No hace mucho el Presidente Zedillo llamó al PRI a recobrar sus orígenes maderistas. Que el PRI haya ignorado sus palabras es natural: sus orígenes no son maderistas. Pero que el Presidente Zedillo no asuma ese programa en el que repetidamente ha declarado creer, es incomprensible. Por fortuna, las circunstancias le son propicias. Para afianzar la credibilidad nacional en la transición democrática le bastaría hacer uso de un derecho que le otorga la Constitución y que los presidentes de México casi nunca han utilizado por la dependencia servil del Poder Legislativo con respecto al Ejecutivo: me refiero al derecho de veto total o parcial, consignado en el Artículo 72, inciso C de la Constitución.
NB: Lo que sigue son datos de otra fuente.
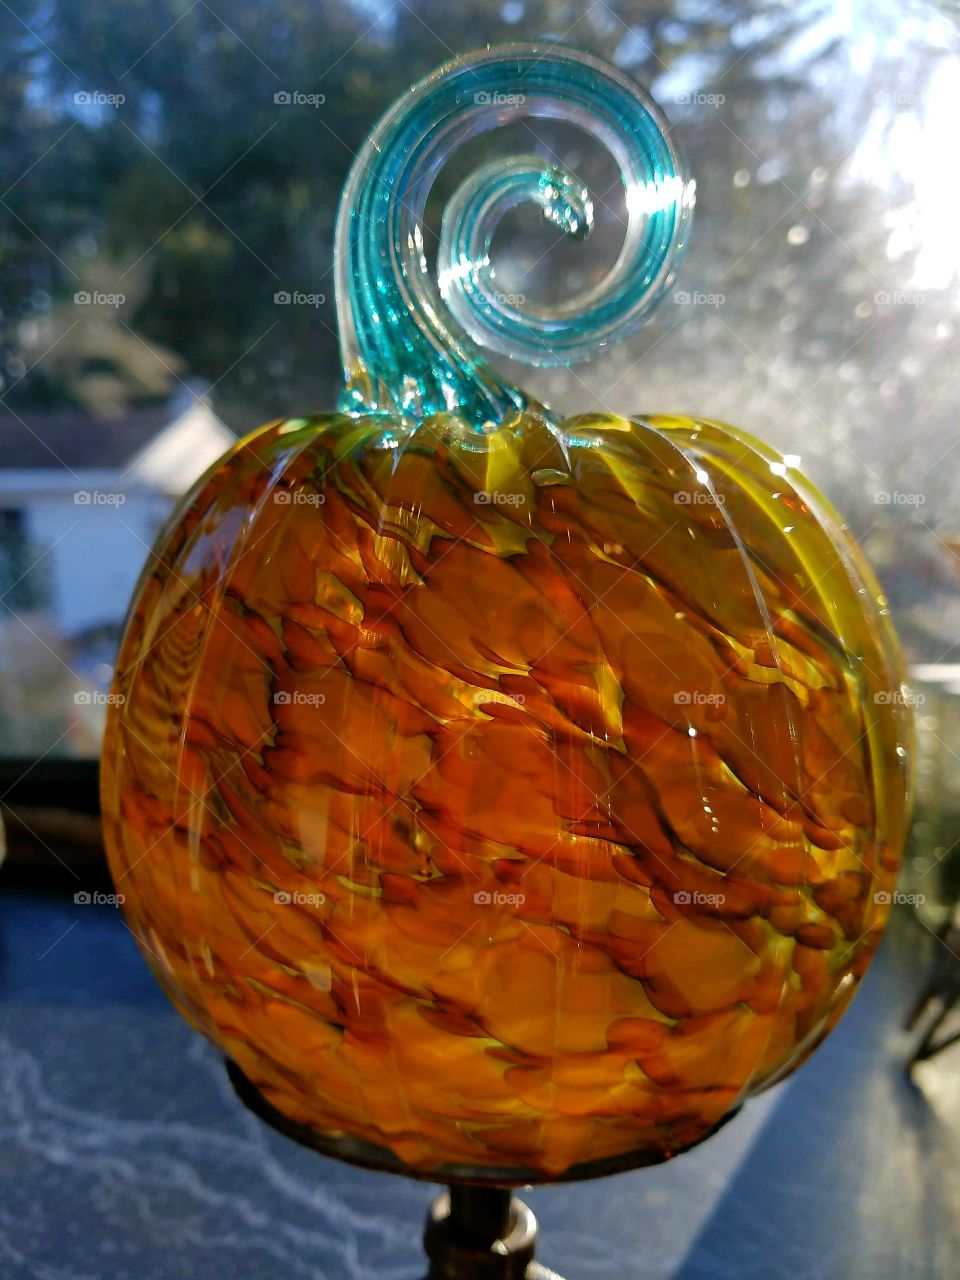 Hand blown glass pumpkin displayed on stand in sunny window. Stem is blue spiral & pumpkin is shaded with colors of orange.

El proyecto de ley o decreto desechado, en todo o en parte por el Ejecutivo, será devuelto, con sus observaciones a la Cámara de su origen. Deberá ser discutido de nuevo por ésta, y si fuese confirmado por las dos terceras partes del número total de votos, pasará otra vez a la Cámara revisora. Si por ésta fuese sancionado por la misma mayoría, el proyecto será ley o decreto y volverá al Ejecutivo para su promulgación. Si el Presidente veta de manera parcial la reforma aprobada en la Cámara baja (suponiendo, desde luego, que el Senado no la toca en un sentido democratizador), e introduce las modificaciones que le parezcan pertinentes, la Nación se beneficiará de muchas maneras. El sólo hecho, presentado no como una querella entre el Presidente y el PRI sino como el ejercicio de su legítima autoridad, afianzará su posición política.
Adicionalmente, los mexicanos sabremos qué clase de reforma es la que tiene en mente nuestro mandatario. Si la propuesta se coloca en una zona intermedia entre los acuerdos de Bucareli y la reforma aprobada por el PRI, es muy probable que cuente con las dos terceras partes requeridas para su aprobación.
La transición a la democracia no es una abstracción intelectual. Es una corriente histórica mundial a la que México debió haberse sumado desde hace décadas. Al margen de las reformas y las leyes, a partir de 1997 y, de manera sostenida, hasta el año 2000, los ciudadanos la conquistarán con sus votos. Ningún chapucero mayoriteo podrá contra la decisión cívica de las mayorías.
Pero el País requiere que, mediante un acto de Estado, el Presidente se convierta en un árbitro histórico de la contienda democrática. Y el Presidente lo requiere también, para afianzar su liderazgo en esa y otras zonas de su gestión. El instrumento está allí: debe vetar la reforma priísta y proponer una reforma democrática.